The implementation used in this paper, introduced in [16], is inspired by the works of Chavez et al. [7] Peralta et al. [30]. It is a solution for modifying an existing tool (DEAP) for the distribution of the training data base using the Spark engine for distributing GP evaluation. The GP loop with the different distribution steps are illustrated by the Algorithm 1. Steps 1, 4, 5, and 6 (blue lines) concern the distribution of the training data set for the population fitness computation. In step 1, we start by creating a RDD containing the training set. Then, at each generation, a map transformation (step 4) is performed by sending individuals code to be executed (step 5) on RDD and then get results to compute each individual fitness in step 6. Afterwards, GP pursues its standard evolutionary steps.

4 Scaling by the Learning Paradigm: Active Learning

Active Learning [2, 8] could be defined as: ‘any form of learning in which the learning program has some control over the inputs on which it trains.’

Active learning is implemented essentially with active sampling techniques. The goal of any sampling approach is first to reduce the original size of the training set, and thus the computational cost, and second to enhance the learner performance. Sampling training dataset has been first used to boost the learning process and to avoid over-fitting [20]. Later, it was introduced for Genetic learners as a strategy for handling large input databases. With active sampling, the training subset is changed periodically across the learning process. The data selection strategy is based on some dynamic criteria, such as random selection, weighted selection, incremental selection, etc. We distinguish one-level sampling methods using a single selection strategy and multi-level sampling (hierarchical sampling) methods using multiple sampling strategies associated in a hierarchical way.

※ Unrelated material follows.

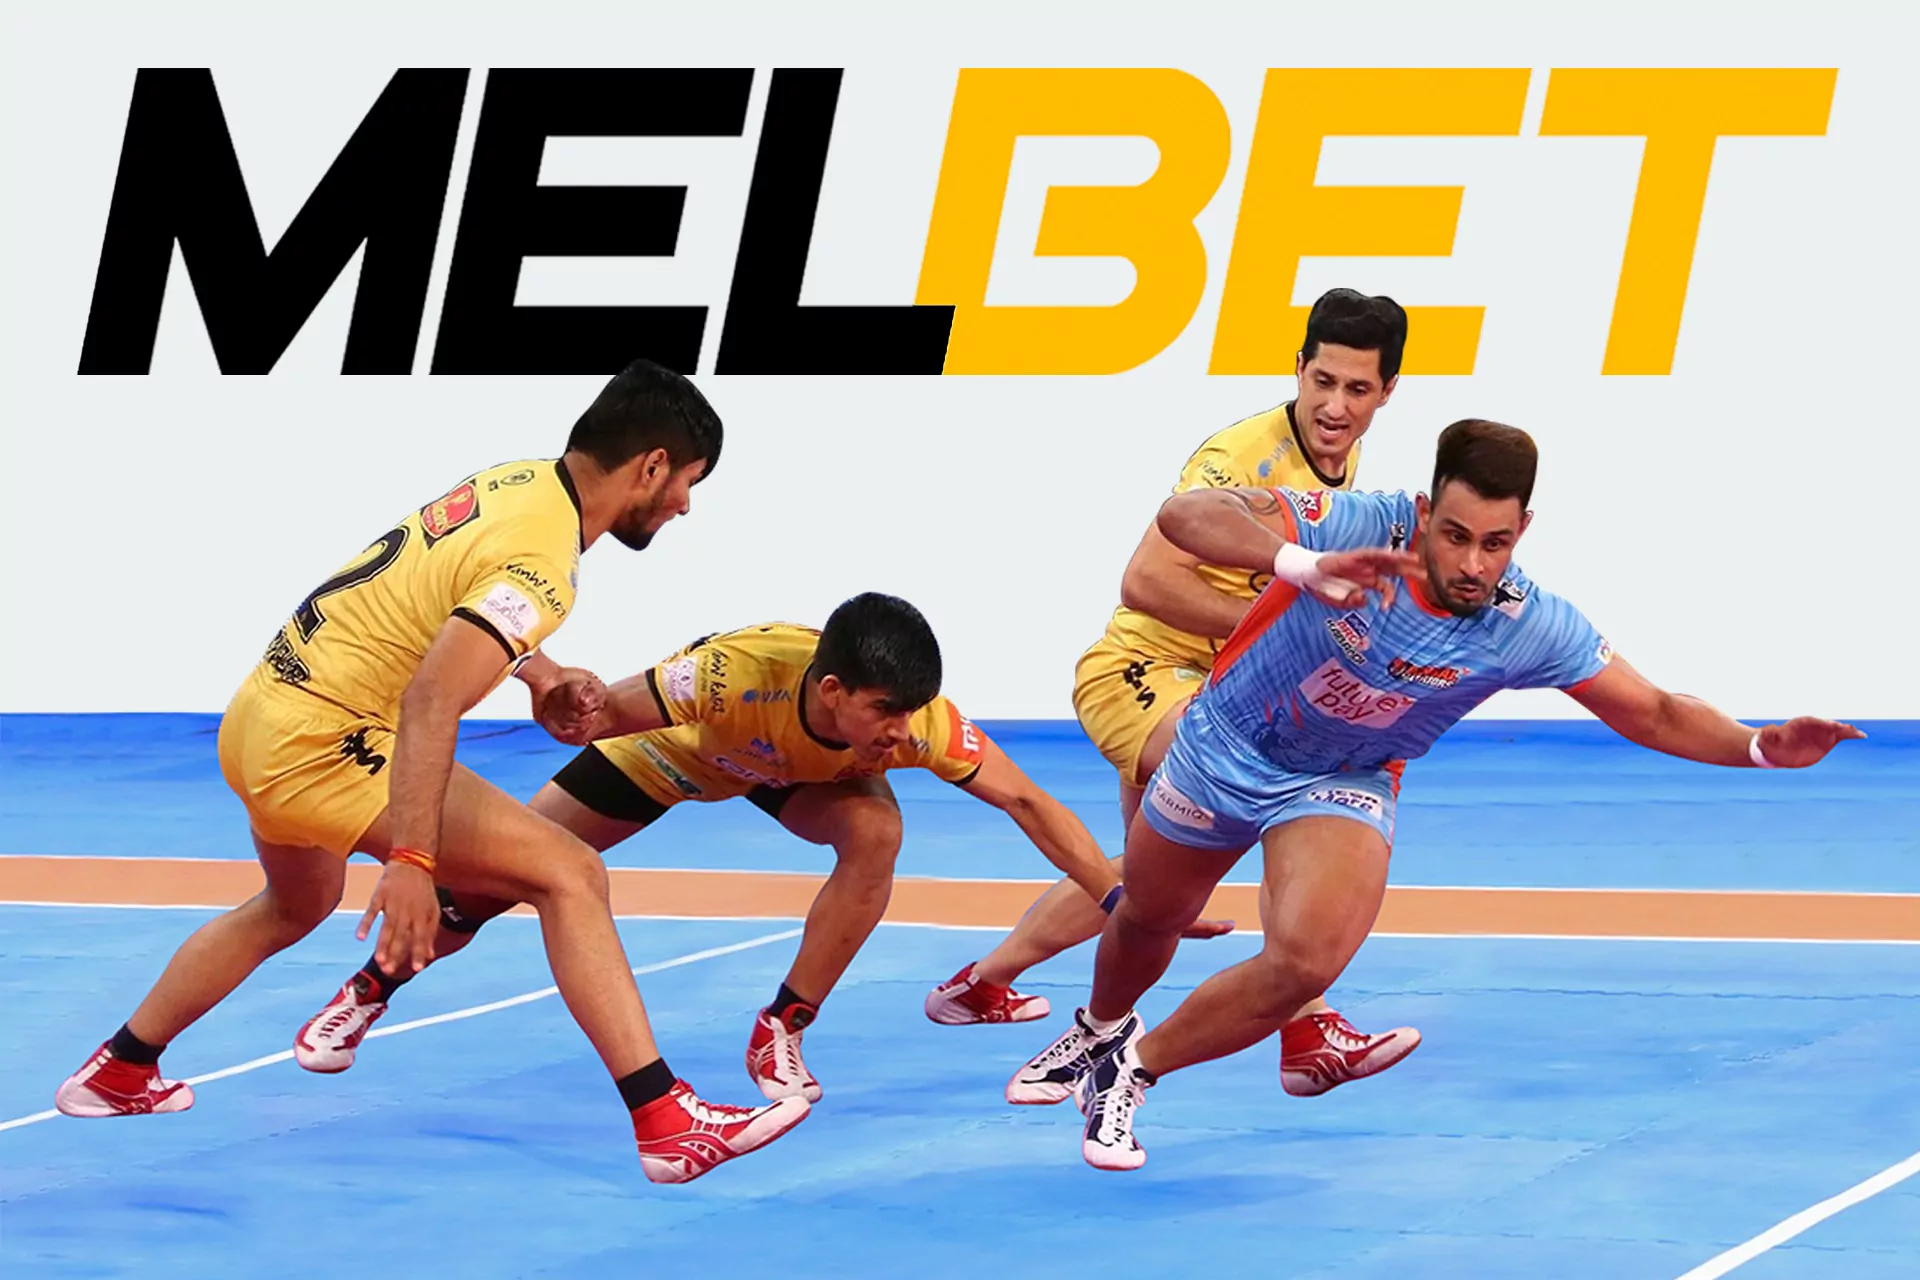 At Melbet you can bet on a number of popular kabaddi tournaments.

4.1 One-Level Active Sampling

One-level sampling methods use a single selection strategy based on dynamic criteria. Records in the training subset S are selected before the application of the genetic operators each generation.

To select a training subset \(\mathcal S\) from a data base \(\mathcal B\), the simplest technique is to select randomly \(T_S\) records from B with a uniform probability. It is the basic approach for the Random Subset Selection method [13] (Sect. 4.1) and some variants like the Stochastic Sampling [28] and Fixed Random Selection [35]. Several other techniques use more sophisticated criteria in order to address some learning difficulties like over-fitting or imbalanced data. For example, weighted sampling techniques [13] use information about the current state of the training data such as difficulty and the number of solved fitness cases. However data-topology based sampling techniques [15, 24] use information about data topology in order to avoid to select similar fitness cases in the same training subset. Balanced sampling [19] and incremental sampling [22] techniques use information about the data classes to handle the problem of imbalanced data. For this work, we are interested in the random (RSS) and balanced (SBS) sampling methods. In this work, the training data base is divided on balanced blocks and SBS and RSS are applied the resulting blocks (Algorithm 2).

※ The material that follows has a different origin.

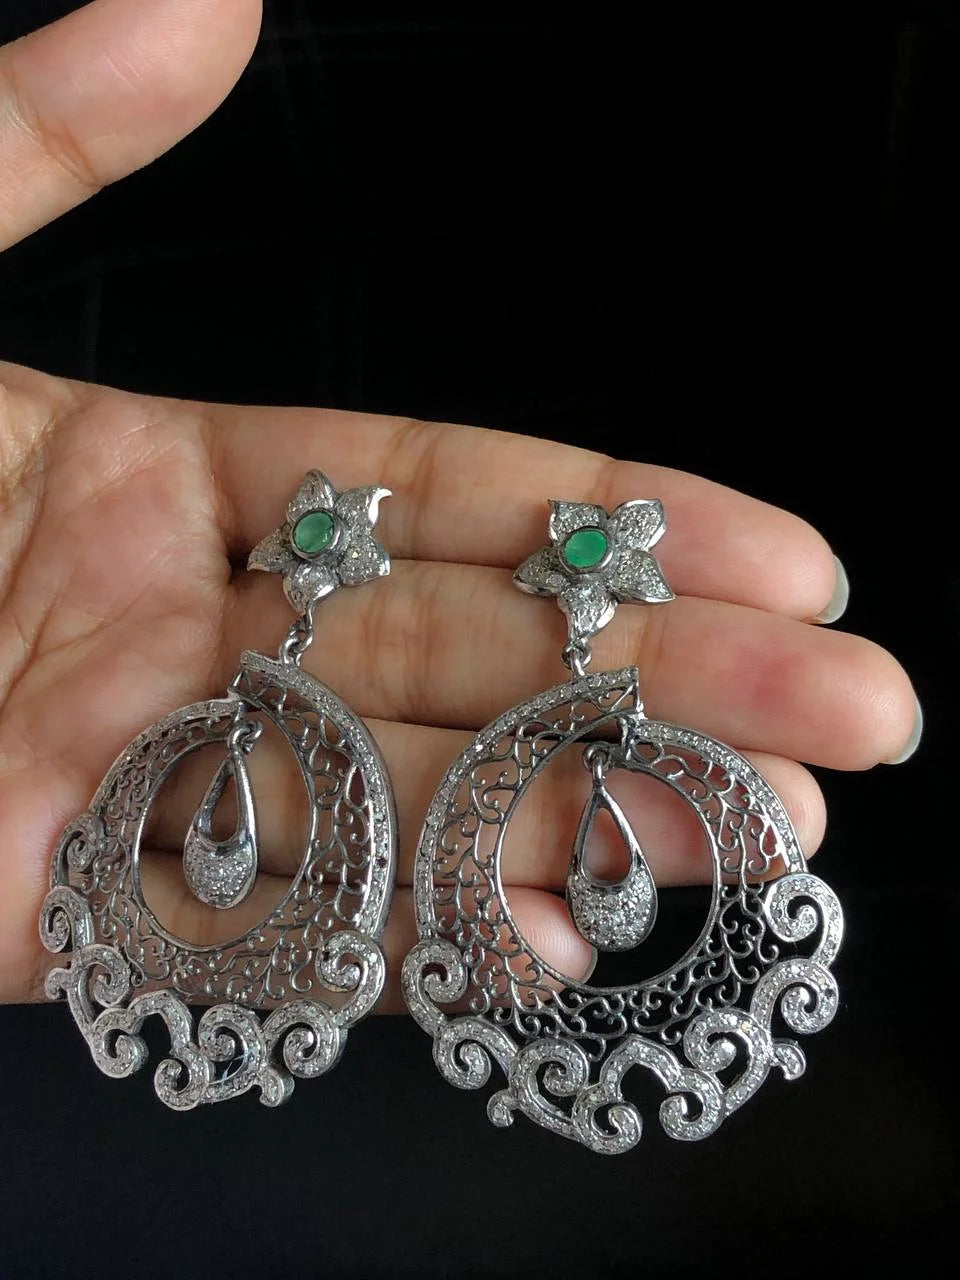 Exquisite Chandbali Earrings: 925 Sterling Silver, Perfect Wedding Gift for Her

Random Sampling (RSS). The simplest method to choose fitness cases and build the training sample is random. The selection of fitness cases is based on a uniform probability among the training subset. This stochastic selection helps to reduce any bias within the full dataset on evolution. Random Subset Selection (RSS) is the first implementation given by Gathercole et al. [13]. In RSS, at each generation g, the probability of selecting any case i is equal to \(P_{i}(g)\) such that:

$$\begin{aligned} \forall i : 1\le i\le T_B, P_{i}(g)=\frac{T_S}{T_B}. \end{aligned}$$

(1)

where \(T_B\) is the size of the full dataset B and \(T_S\) is the target subset size. The sampled subset has a fluctuating size around \(T_S\).

Balanced Sampling (SBS). The main purpose of balanced sampling is to overcome imbalance in the original data sets. The well known techniques in this category are those proposed by Hun et al. [19] aiming to improve classifiers accuracy by correcting the original dataset imbalance within majority and minority class instances. Some of these methods are based on the minority class size and thus reduce the number of instances. In this paper, we focus on the Static Balanced Sampling (SBS). SBS is an active sampling method that selects cases with uniform probability from each class without replacement until obtaining a balanced subset. This subset contains an equal number of majority and minority class instances of the desired size.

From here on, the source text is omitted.